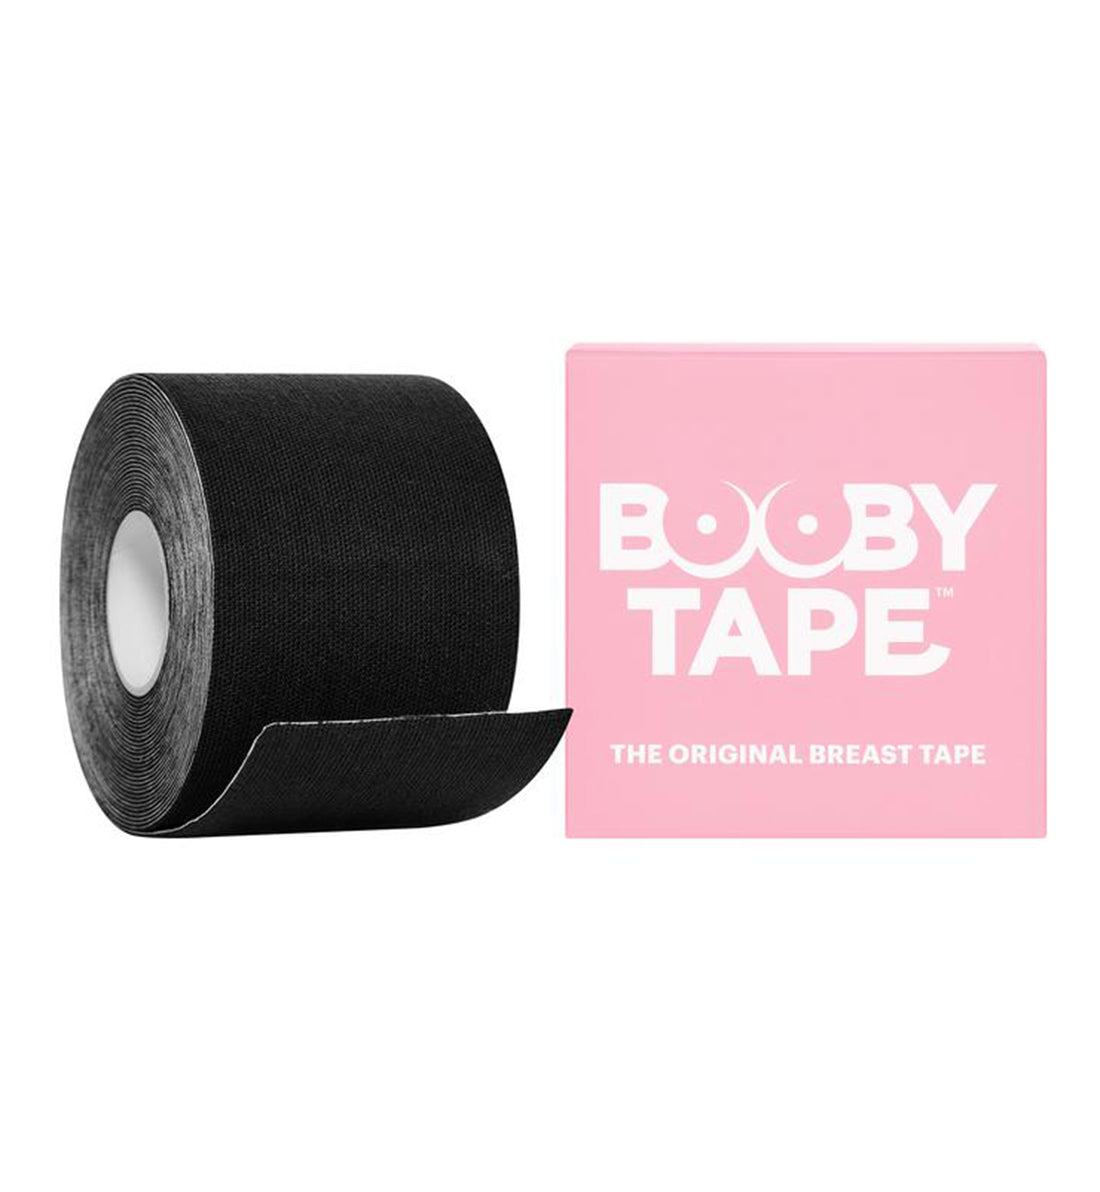 BOOBY TAPE The Original Breast Tape,5 m,Black - Black,One Size
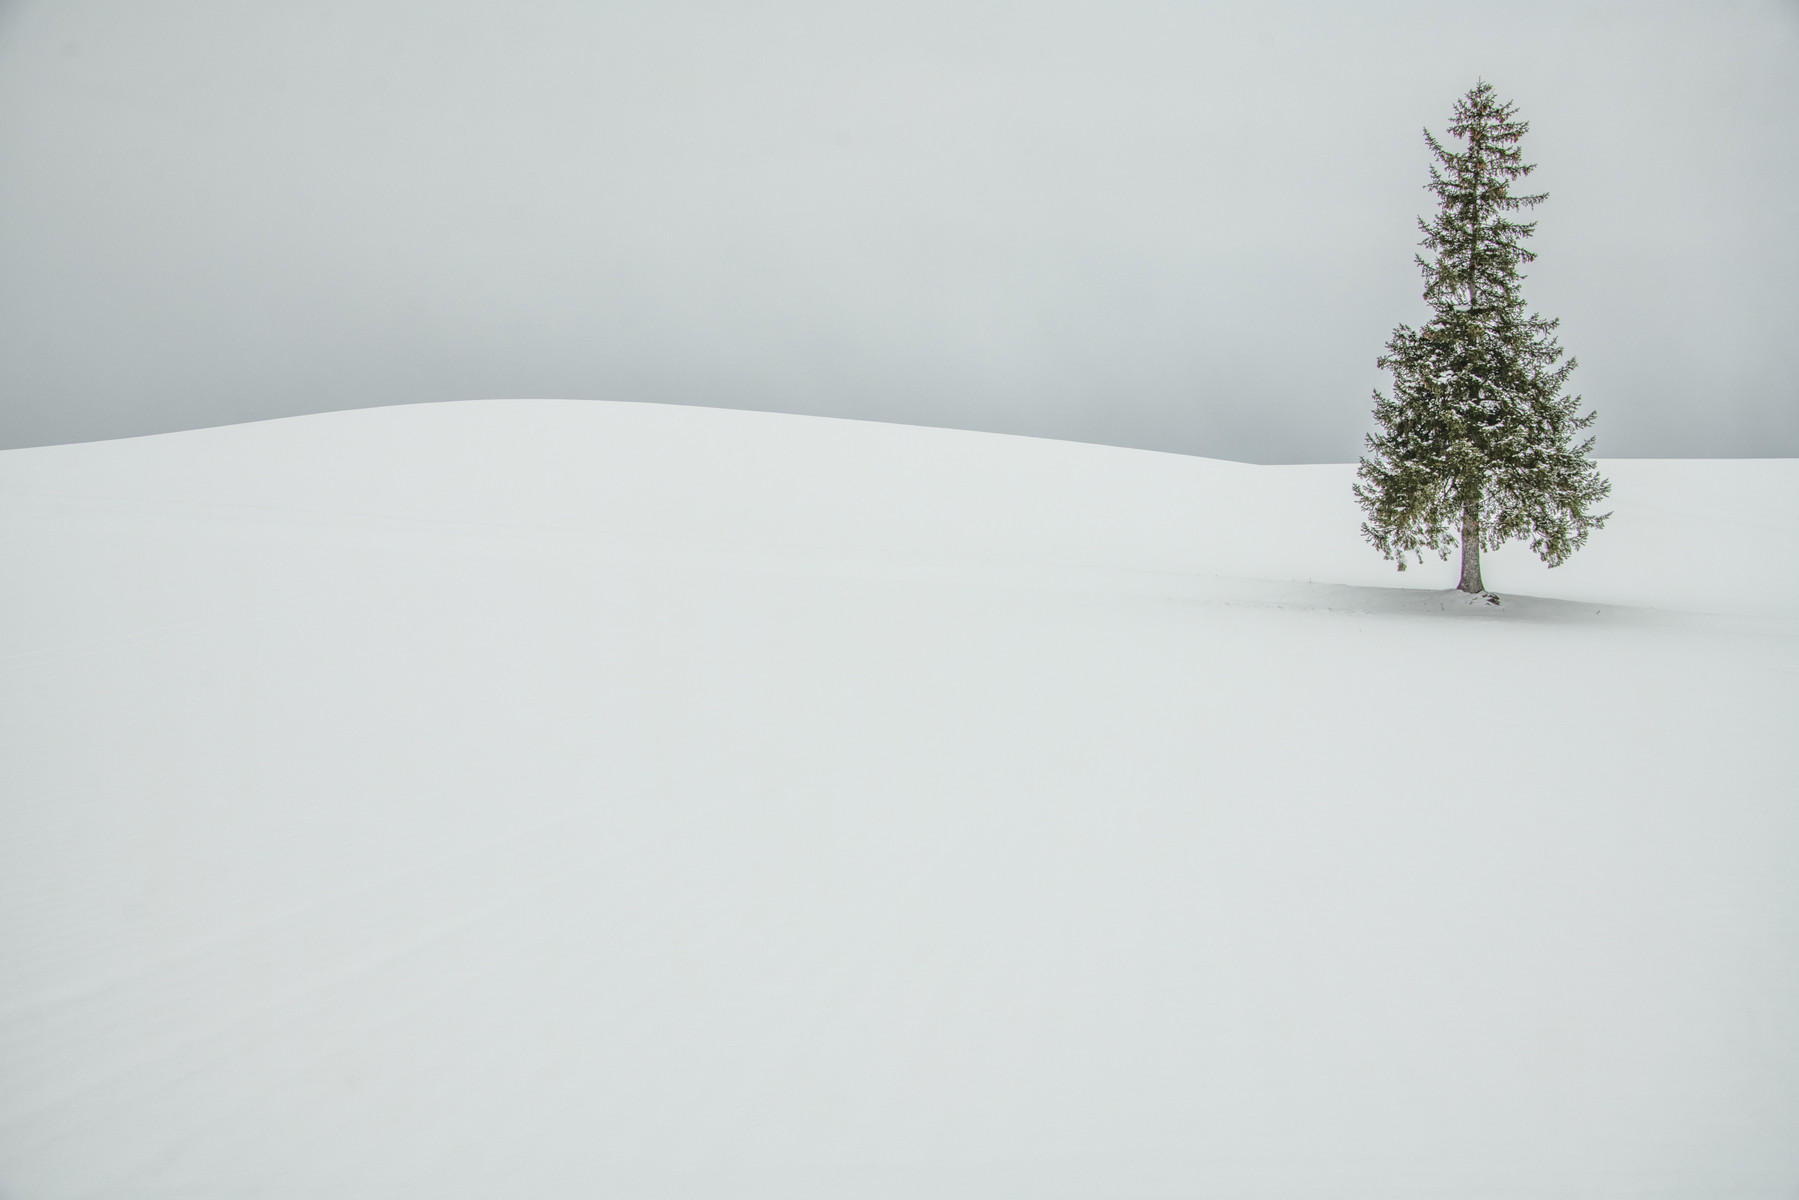 Solo Pine : Japan, Hokkaido, Silent Snow : ELIZABETH SANJUAN PHOTOGRAPHY
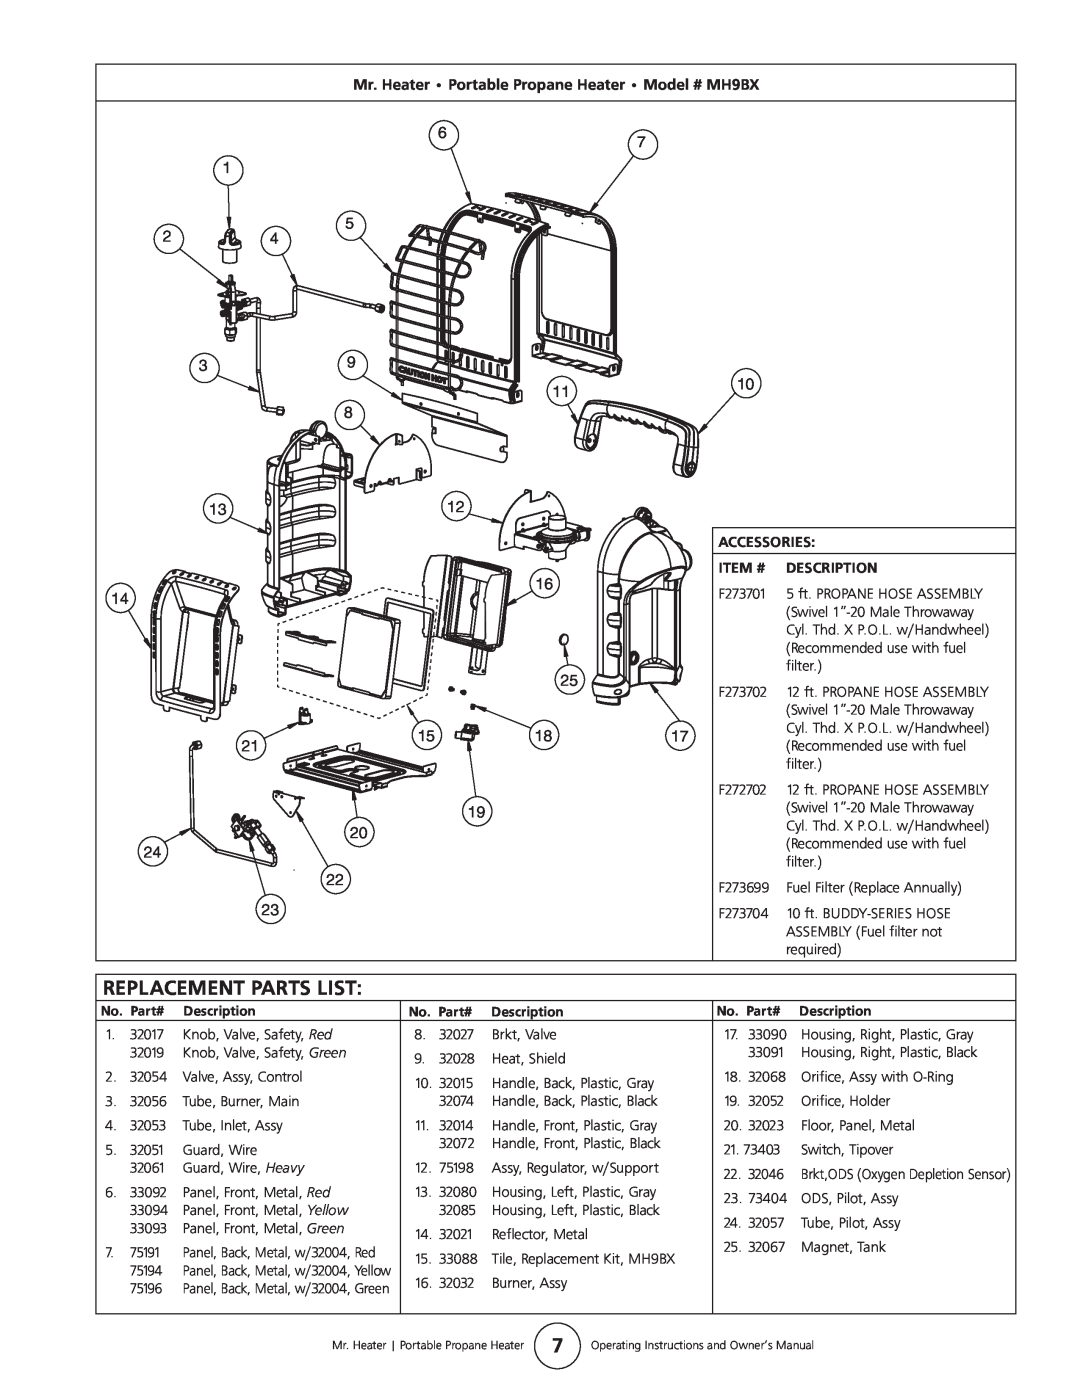 Mr. Heater Replacement Parts List, Mr. Heater Portable Propane Heater Model # MH9BX, Accessories Item # Description

→ **What is needed**: Where a picture appears in the listing above, skip it and set down all the rest exactly.

→ **Result**:
 BOOBY TAPE The Original Breast Tape,5 m,Black - Black,One Size
 Solo Pine : Japan, Hokkaido, Silent Snow : ELIZABETH SANJUAN PHOTOGRAPHY
 Mr. Heater Replacement Parts List, Mr. Heater Portable Propane Heater Model # MH9BX, Accessories Item # Description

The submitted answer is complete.